An executable code of a computing device may be a single instruction, or many instructions, and may even be distributed over several different code segments, among different applications, and across several memory devices. Similarly, operational data may be identified and illustrated herein within the computing device, and may be embodied in any suitable form and organized within any suitable type of data structure. The operational data may be collected as a single data set, or may be distributed over different locations including over different storage devices, and may exist, at least partially, as electronic signals on a system or network.

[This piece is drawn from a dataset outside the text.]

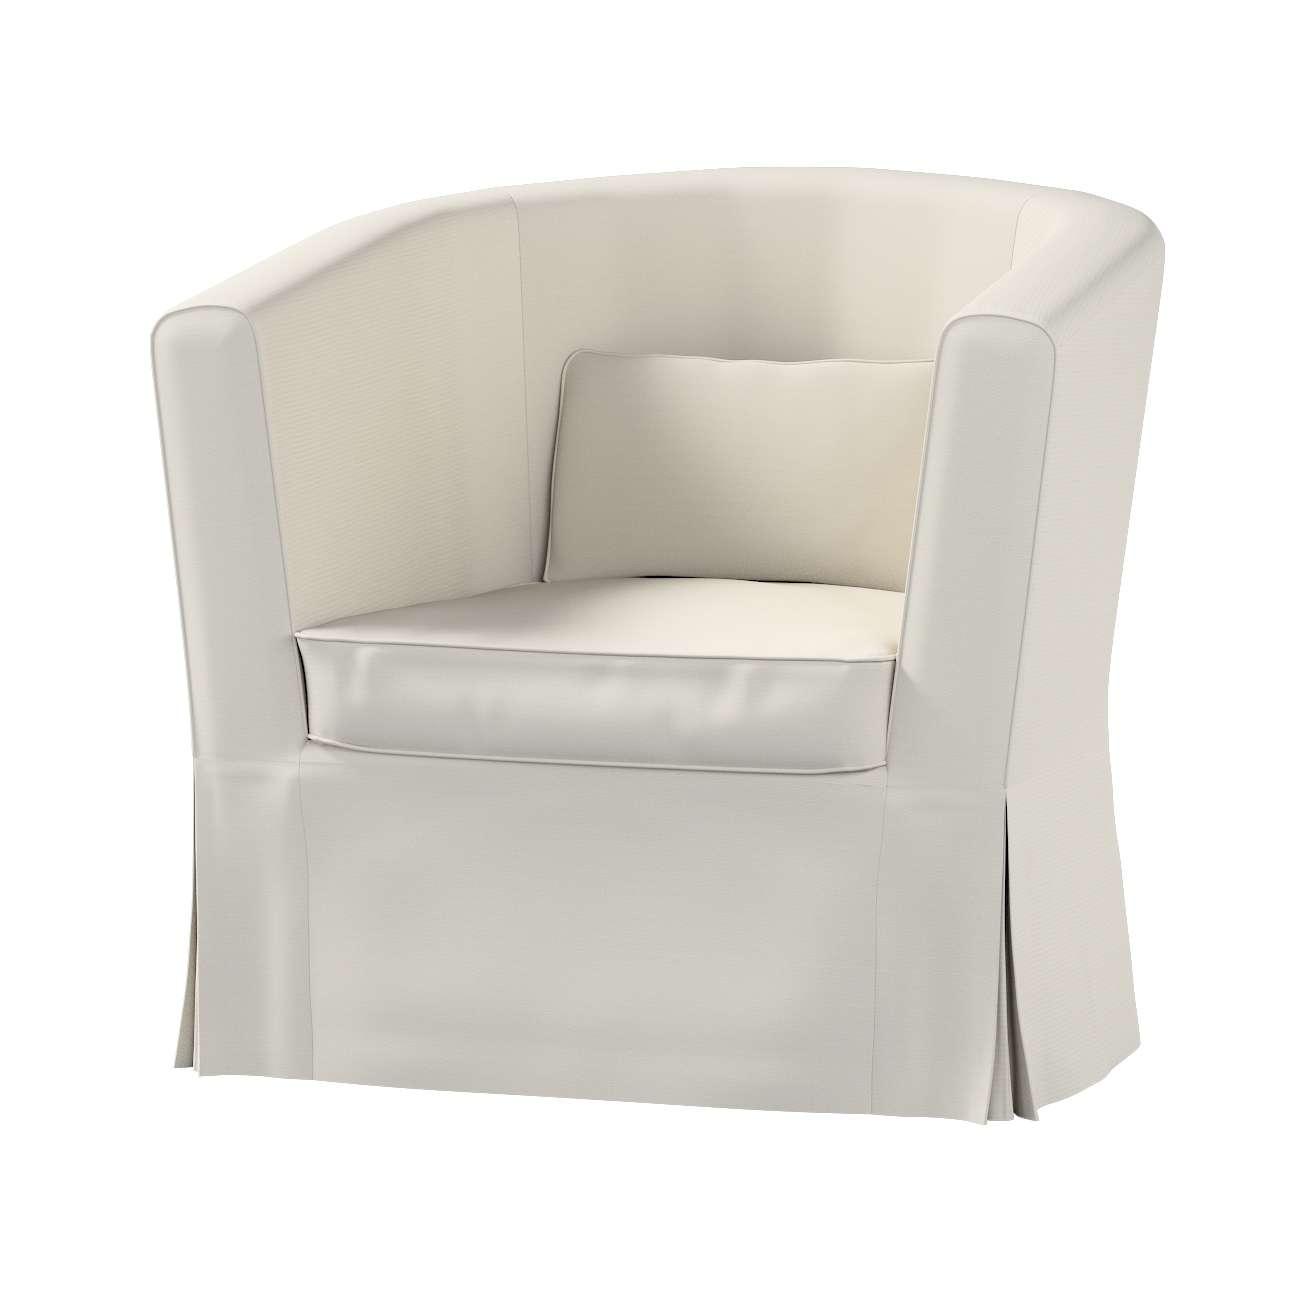 Ektorp Tullsta Sesselbezug Sesselhusse, Ektorp Tullsta von der Kollektion Cotton Panama, Stoff: 702-31

The described features, structures, or characteristics may be combined in any suitable manner in one or more embodiments. In the following description, numerous specific details are provided, to provide a thorough understanding of embodiments of the disclosed subject matter. One skilled in the relevant art will recognize, however, that the disclosed subject matter can be practiced without one or more of the specific details, or with other methods, components, materials, etc. In other instances, well-known structures, materials, or operations are not shown or described in detail to avoid obscuring aspects of the disclosed subject matter.
The device or system for performing one or more operations on a memory of a computing device may be a software, hardware, firmware, or combination of these. The device or the system is further intended to include or otherwise cover all software or computer programs capable of performing the various heretofore-disclosed determinations, calculations, or the like for the disclosed purposes. For example, exemplary embodiments are intended to cover all software or computer programs capable of enabling processors to implement the disclosed processes. Exemplary embodiments are also intended to cover any and all currently known, related art or later developed non-transitory recording or storage mediums (such as a CD-ROM, DVD-ROM, hard drive, RAM, ROM, floppy disc, magnetic tape cassette, etc.) that record or store such software or computer programs. Exemplary embodiments are further intended to cover such software, computer programs, systems and/or processes provided through any other currently known, related art, or later developed medium (such as transitory mediums, carrier waves, etc.), usable for implementing the exemplary operations disclosed below.
In accordance with the exemplary embodiments, the disclosed computer programs can be executed in many exemplary ways, such as an application that is resident in the memory of a device or as a hosted application that is being executed on a server and communicating with the device application or browser via a number of standard protocols, such as TCP/IP, HTTP, XML, SOAP, REST, JSON and other sufficient protocols. The disclosed computer programs can be written in exemplary programming languages that execute from memory on the device or from a hosted server, such as BASIC, COBOL, C, C++, Java, Pascal, or scripting languages such as JavaScript, Python, Ruby, PHP, Perl, or other suitable programming languages.
As referred to herein, a computer network may be any group of computing systems, devices, or equipment that are linked together. Examples include, but are not limited to, local area networks (LANs) and wide area networks (WANs). A network may be categorized based on its design model, topology, or architecture. In an example, a network may be characterized as having a hierarchical internetworking model, which divides the network into three layers: access layer, distribution layer, and core layer. The access layer focuses on connecting client nodes, such as workstations to the network. The distribution layer manages routing, filtering, and quality-of-server (QoS) policies. The core layer can provide high-speed, highly-redundant forwarding services to move packets between distribution layer devices in different regions of the network. The core layer typically includes multiple routers and switches.
The present subject matter may be a system, a method, and/or a computer program product. The computer program product may include a computer readable storage medium (or media) having computer readable program instructions thereon for causing a processor to carry out aspects of the present subject matter.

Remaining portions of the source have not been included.